O conhecimento que traz a salvação é o de que a alma humana (atmã) e o mundo espiritual 
(Brahman) são uma coisa só. O atmã é uma parte integrante não só dos seres humanos, mas 
também se encontra nas plantas e nos animais. Isso é conhecido como panteísmo (ligado ao 
animismo). 
Brahman é o princípio constitutivo do Universo, uma força que permeia tudo, uma divindade 
impessoal. Todas as almas individuais (atmã) são reflexos dessa única alma universal. 

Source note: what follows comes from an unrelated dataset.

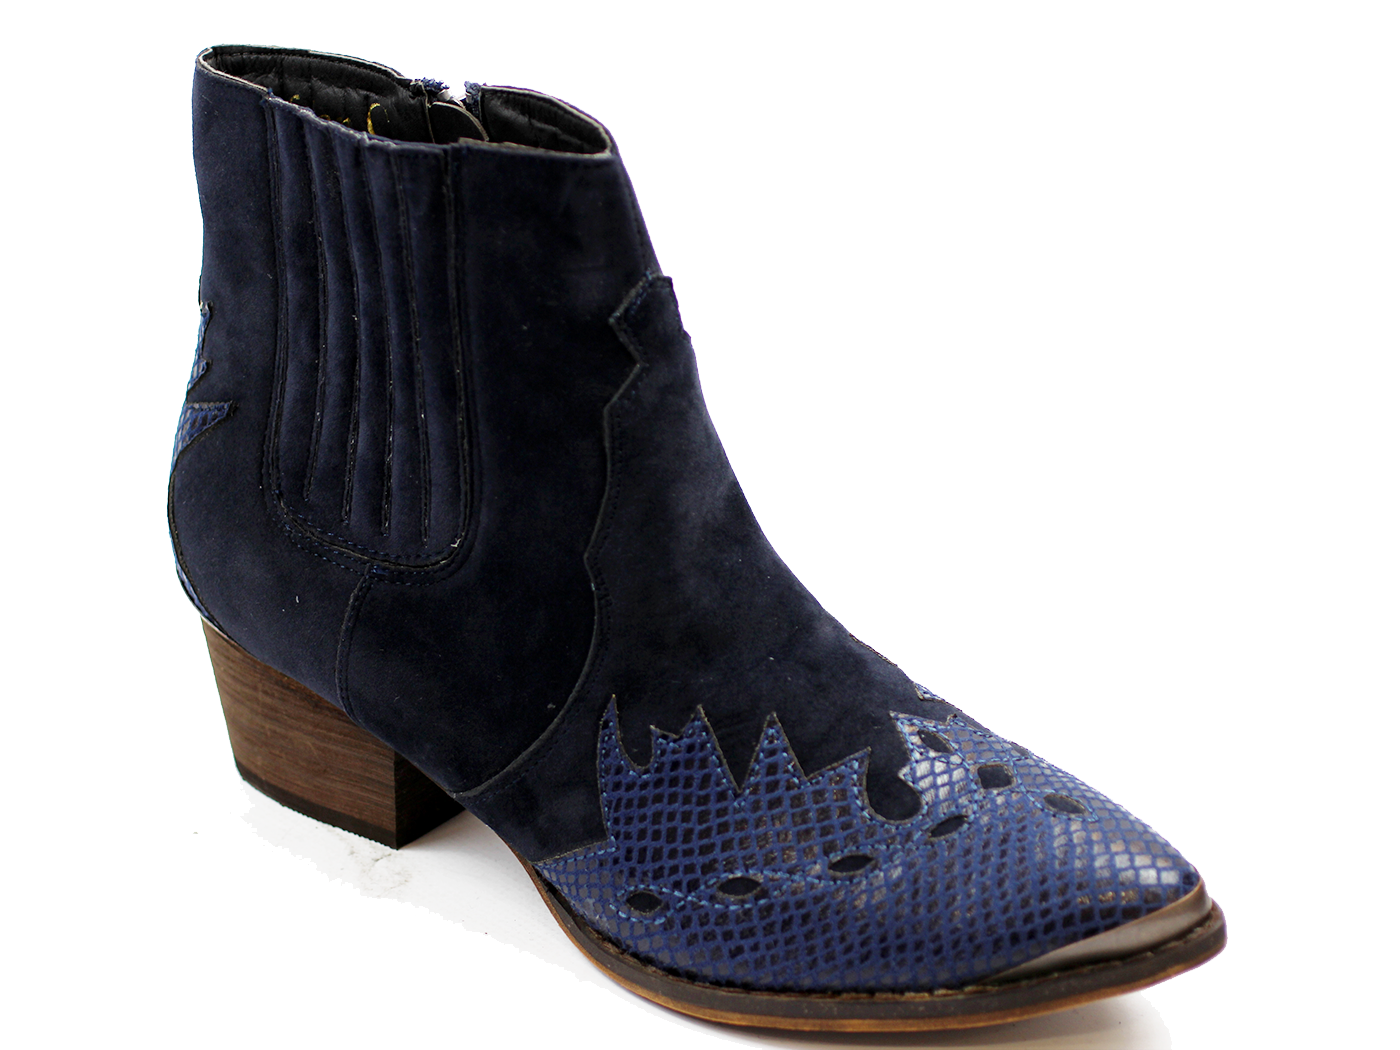 Venus Retro Seventies Blue 2-Tone Cuban Heel Boots

O ser humano é libertado da transmigração ao adquirir plena compreensão da unidade entre 
atmã e Brahman. O objetivo é dissolver-se no Brahman, assim como uma gota de chuva se 
dissolve no mar. O ser humano tem uma centelha do Transcendente em seu interior. Mesmo que 
ele desapareça enquanto ser humano, sua origem divina permanece e vai unir-se novamente 
com o espírito universal. 
A via da devoção 
Uma terceira rota para a salvação é a via da devoção. Essa proposta começou a se difundir no 
Sul da Índia por volta de 600 a. C. e logo se espalhou por toda a região da Índia. Já no século III 
a.C. esse caminho para a libertação encontrara sua expressão no Bhagavad Gita, um poema 
catequético. Essa terceira tendência do hinduísmo é a que predomina na Índia moderna, e o 
livro Bhagavad Gita é o livro sagrado que ocupa o lugar supremo na consciência do indiano 
médio. 
Cumprir os rituais. Buscar o conhecimento. Contemplar. A religião na Índia oferece a 
possibilidade de vários caminhos para a libertação e essa multiplicidade é mais uma 
característica do hinduísmo. 
Mundo 
É plural 
O mundo não é uno, mas plural. Há diversos mundos interconectados pela mesma razão. É como 
se fossem infinitas galáxias, cada uma com o seu ponto de referência, como a Terra. O 
hinduísmo entende que entre esse ponto de referência e o restante da galáxia há diversos outros 
mundos mais sutis, acima, e mais grosseiros, abaixo. Os mundos sutis e grosseiros são os espaços 
ocupados pelas almas e que por eles transitam, conforme os méritos adquiridos ou não. 
É meio 
O mundo e suas galáxias têm uma razão. É o espaço onde as almas individuais cumprem a 
inexorável lei do carma até sua libertação. Inerente ao conceito de carma, toda decisão do ser 
humano terá determinadas consequências. Não há fatalismos no Universo. 
É moderado 
O mundo e suas galáxias é o espaço onde bem e mal, prazer e dor, conhecimento e ignorância 
se entrelaçam em proporções quase iguais. Não faz parte dos propósitos do Universo ser um 
paraíso, mas o espaço onde o espírito do ser humano pode viabilizar seu aprendizado de 
integração ao Transcendente. 
É maya 
O mundo e suas galáxias é maya. A palavra maya possui a mesma raiz que mágica. Na mágica, o 
que vemos nem sempre é o que pensamos ver. Assim é o Universo.